= Activity =
The pictures are to be left out when the listing below is reproduced word for word.
┌─ Exercise data
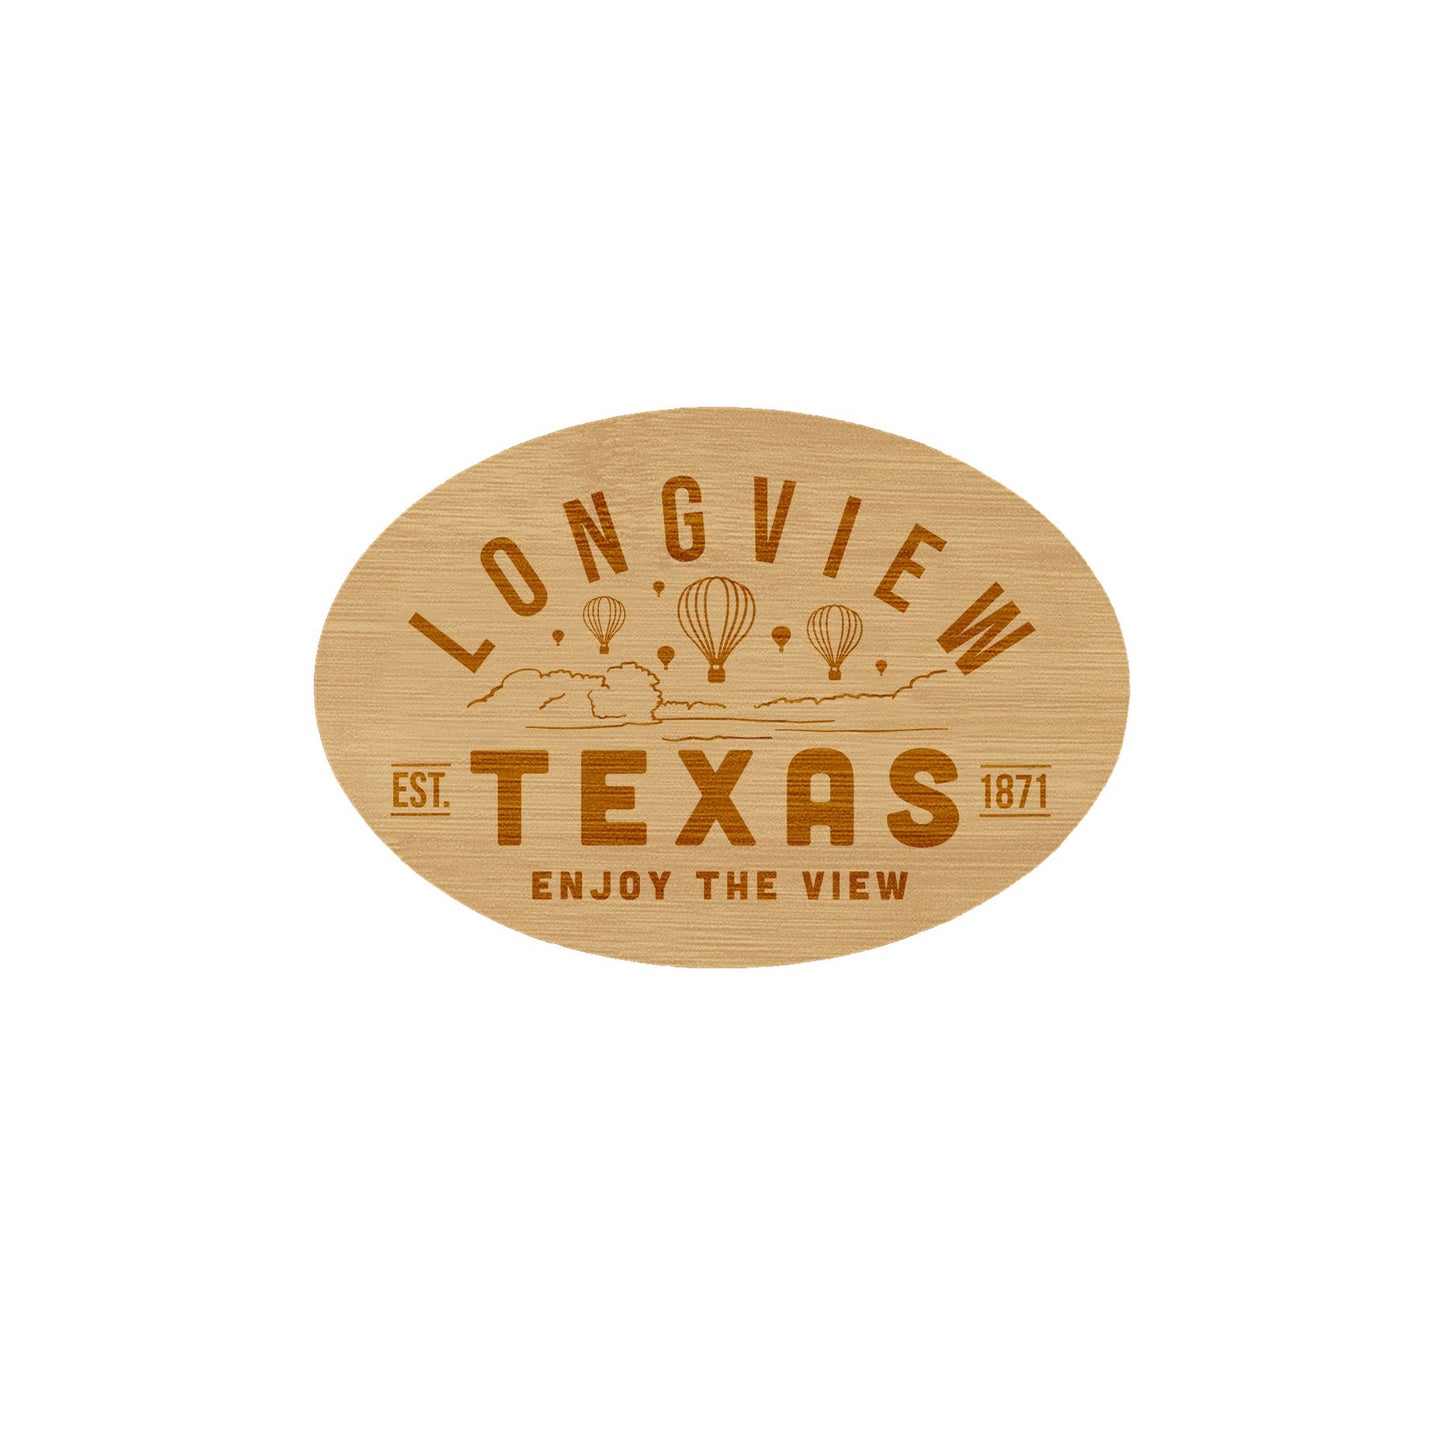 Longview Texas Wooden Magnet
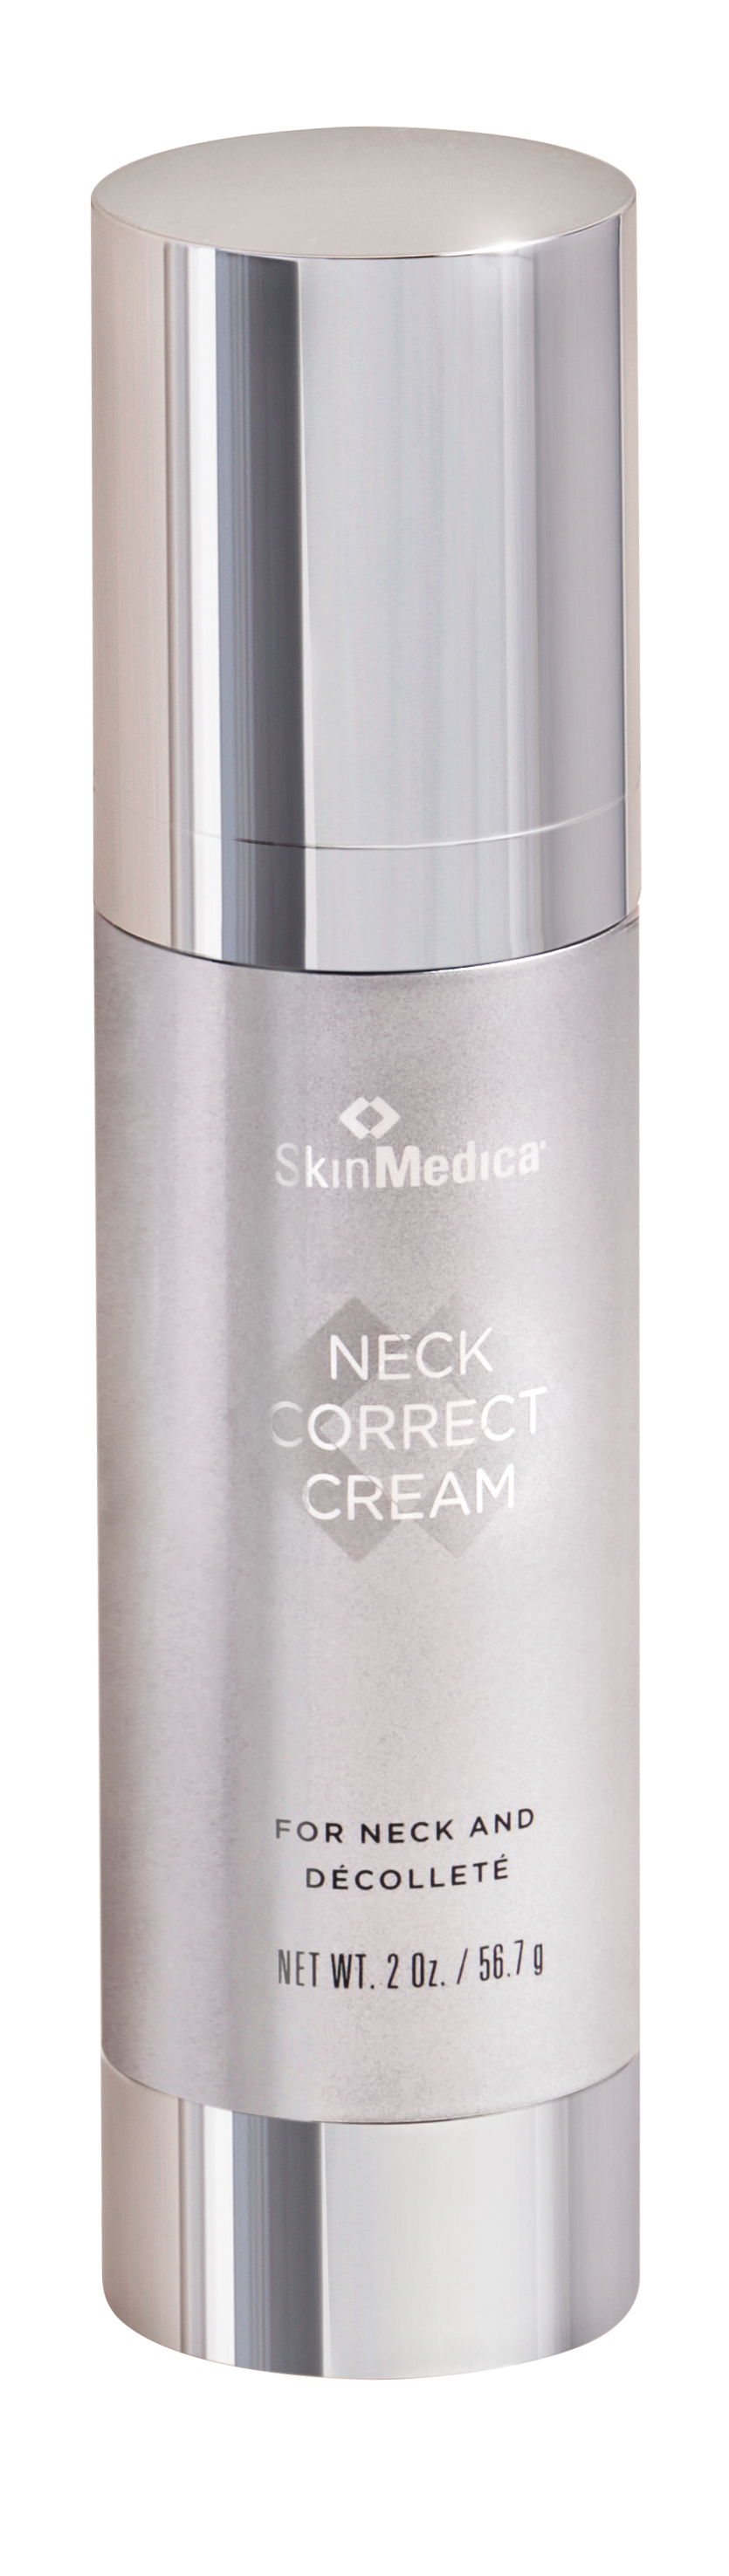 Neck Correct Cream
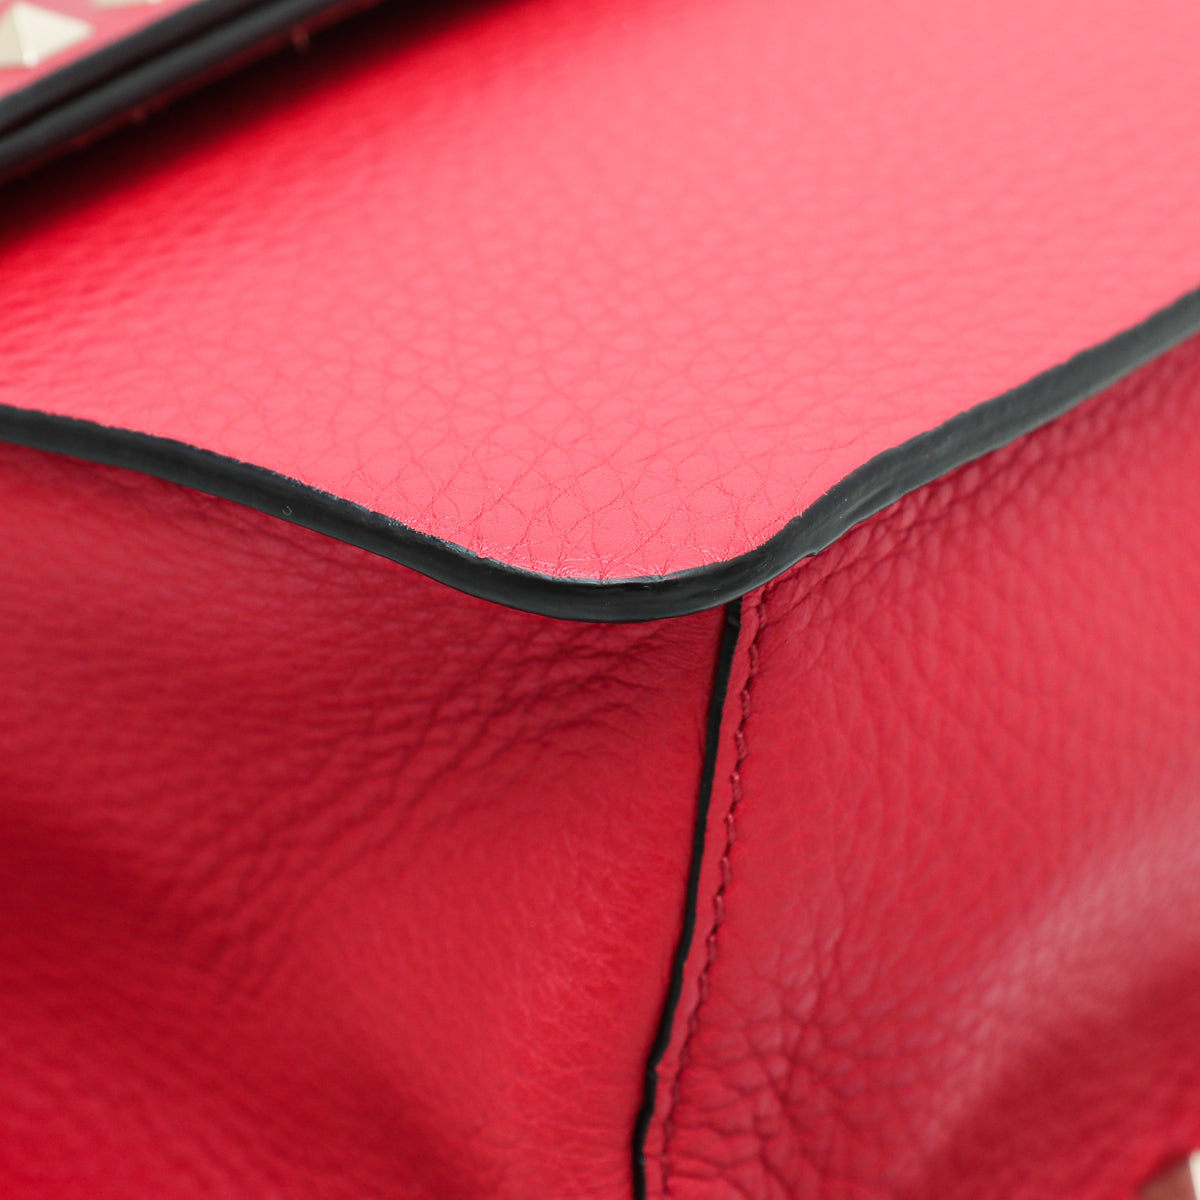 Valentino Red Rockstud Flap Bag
└─
= Task output =
 Longview Texas Wooden Magnet
 Neck Correct Cream
 Valentino Red Rockstud Flap Bag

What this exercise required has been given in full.